Use a zester to zest orange peel and place into a mixing bowl.
Grate garlic with a grater or garlic press and add it into the same mixing bowl.
Grate ginger with a grater and add it into the same mixing bowl.
Now combine chicken broth, Monkfruit, Soy Sauce, Sriracha and black pepper into the same mixing bowl and mix well.
Transfer sauce to a Teflon frying pan and bring to a boil on high heat. Once boiling, reduce heat to low and sprinkle in Xanthan Gum. Reduce for about 2-3 minutes or until thickened while continuously mixing to dissolve Xanthan Gum. Once thickened, remove from heat and let it cool.
Cut chicken into 1 x 1 inch cubes and set aside.
Pour Unflavored Pork Rinds into a food processor and pulse until ground into very fine.
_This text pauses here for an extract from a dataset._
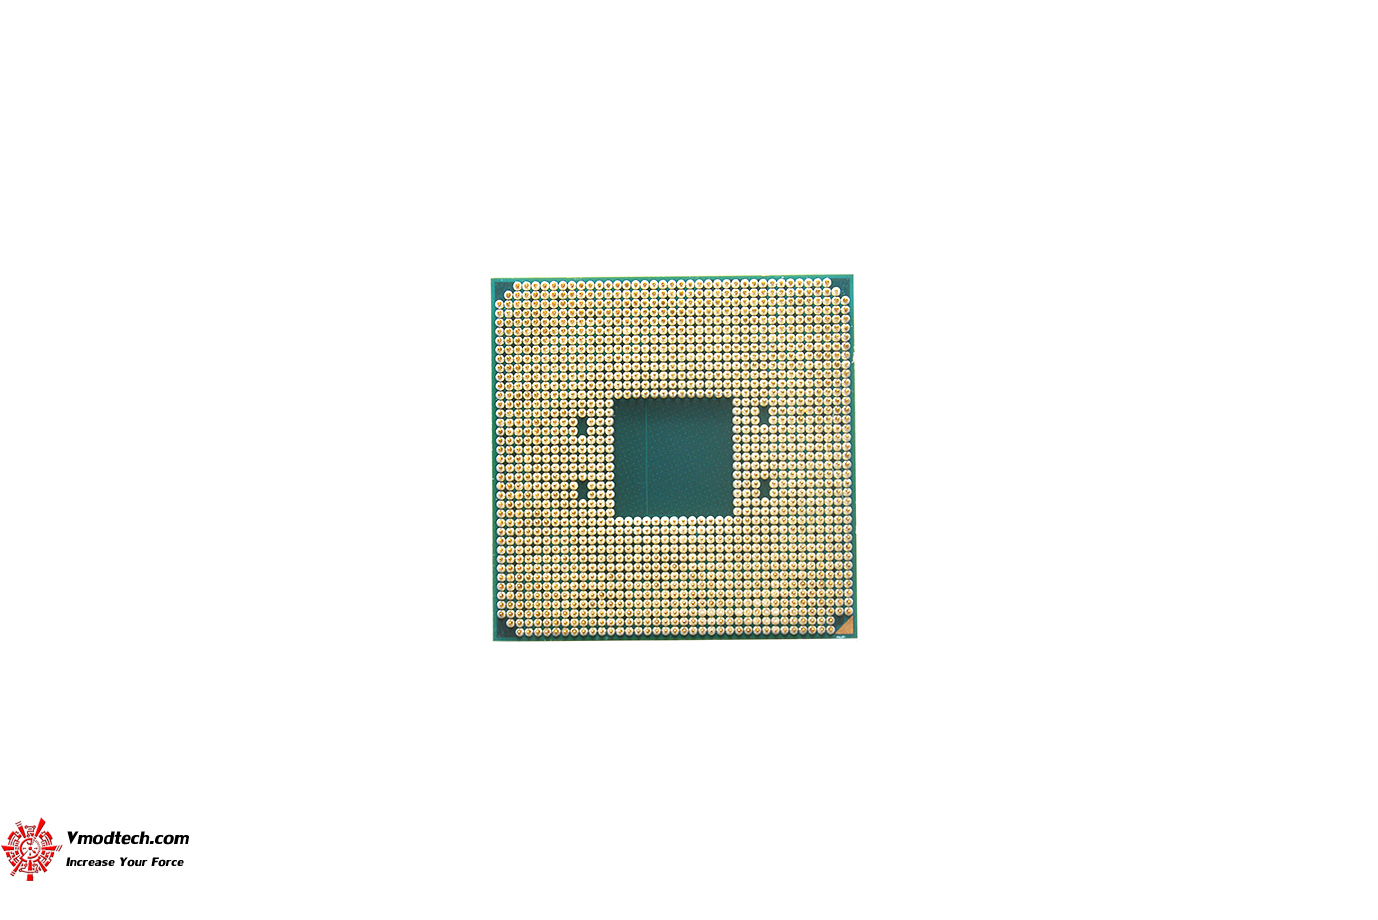 dsc 9921 AMD RYZEN 9 5950X PROCESSOR REVIEW
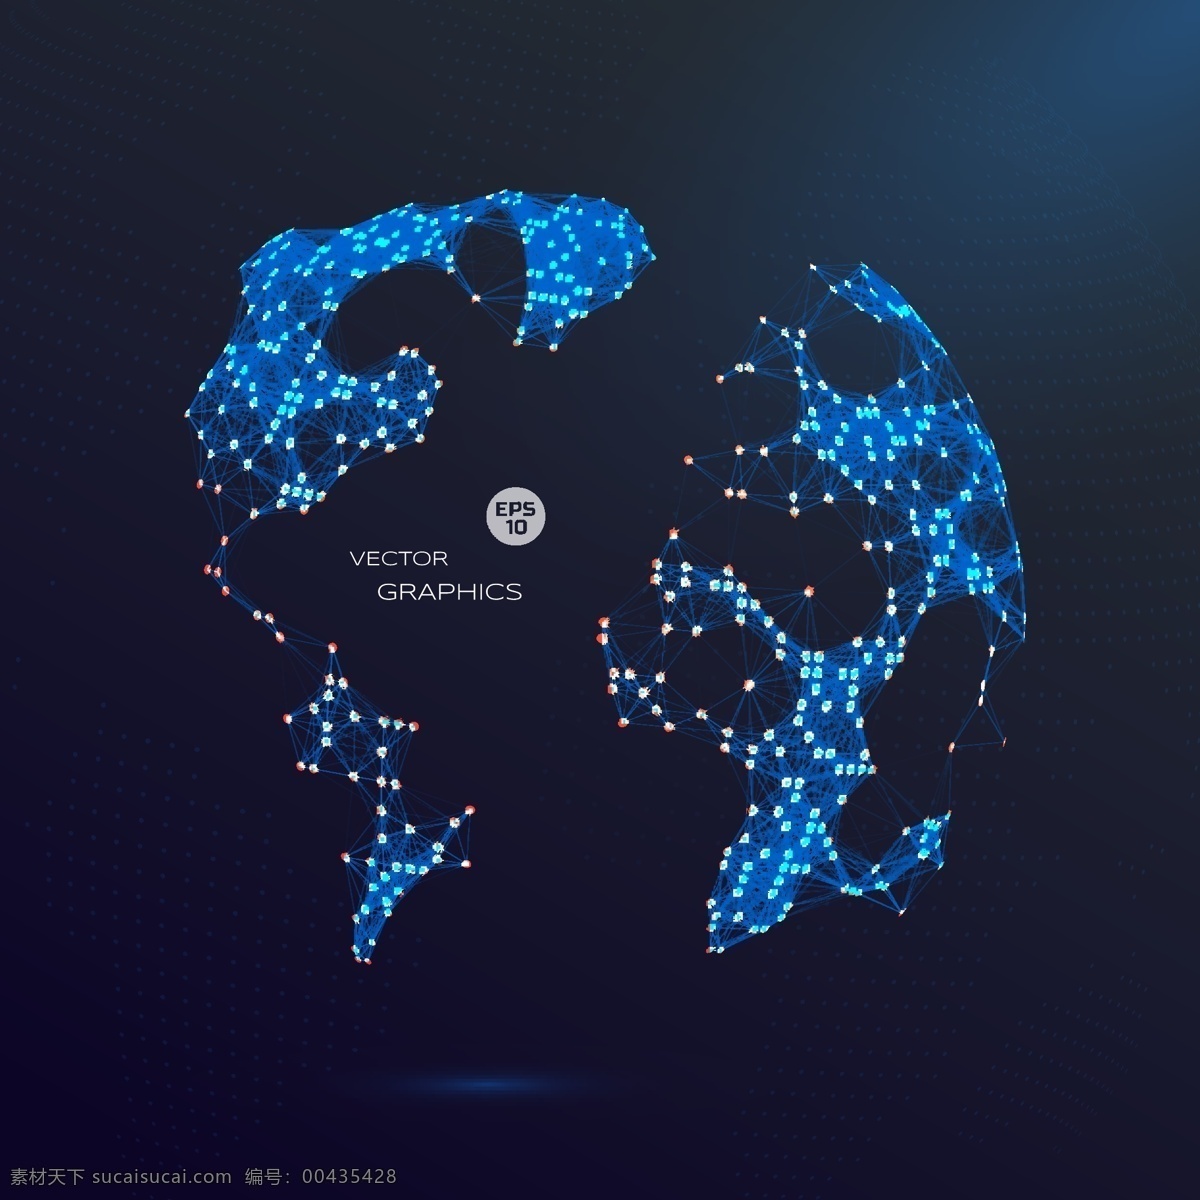 抽象 3d 矢量 全球化 地球 模板 模版 蓝色 点线 点状 背景 宇宙 太空 云计算 大数据 人工智能 通讯 网络 科技 通信 物联网 矢量素材 现代科技

You can also use your hands to crush the pork rinds if you don’t have a food processor, but we strongly recommend using a food processor. Note – Skip this step if you are using Pork Panko.
Fill a mixing bowl with with beaten eggs and the another mixing bowl with crushed Unflavored Pork Rinds.
Take the cubed chicken and coat each piece of chicken in beaten eggs then into the crushed Unflavored Pork Rinds. Transfer coated chicken over to the air fryer rack and fry for 8-10 minutes at 390F.
In the meantime, chop up the green onions and set aside.
Once orange chicken is air fried, coat with reduce sauce from step 6), transfer to serving plate and sprinkle chopped green onions. Enjoy!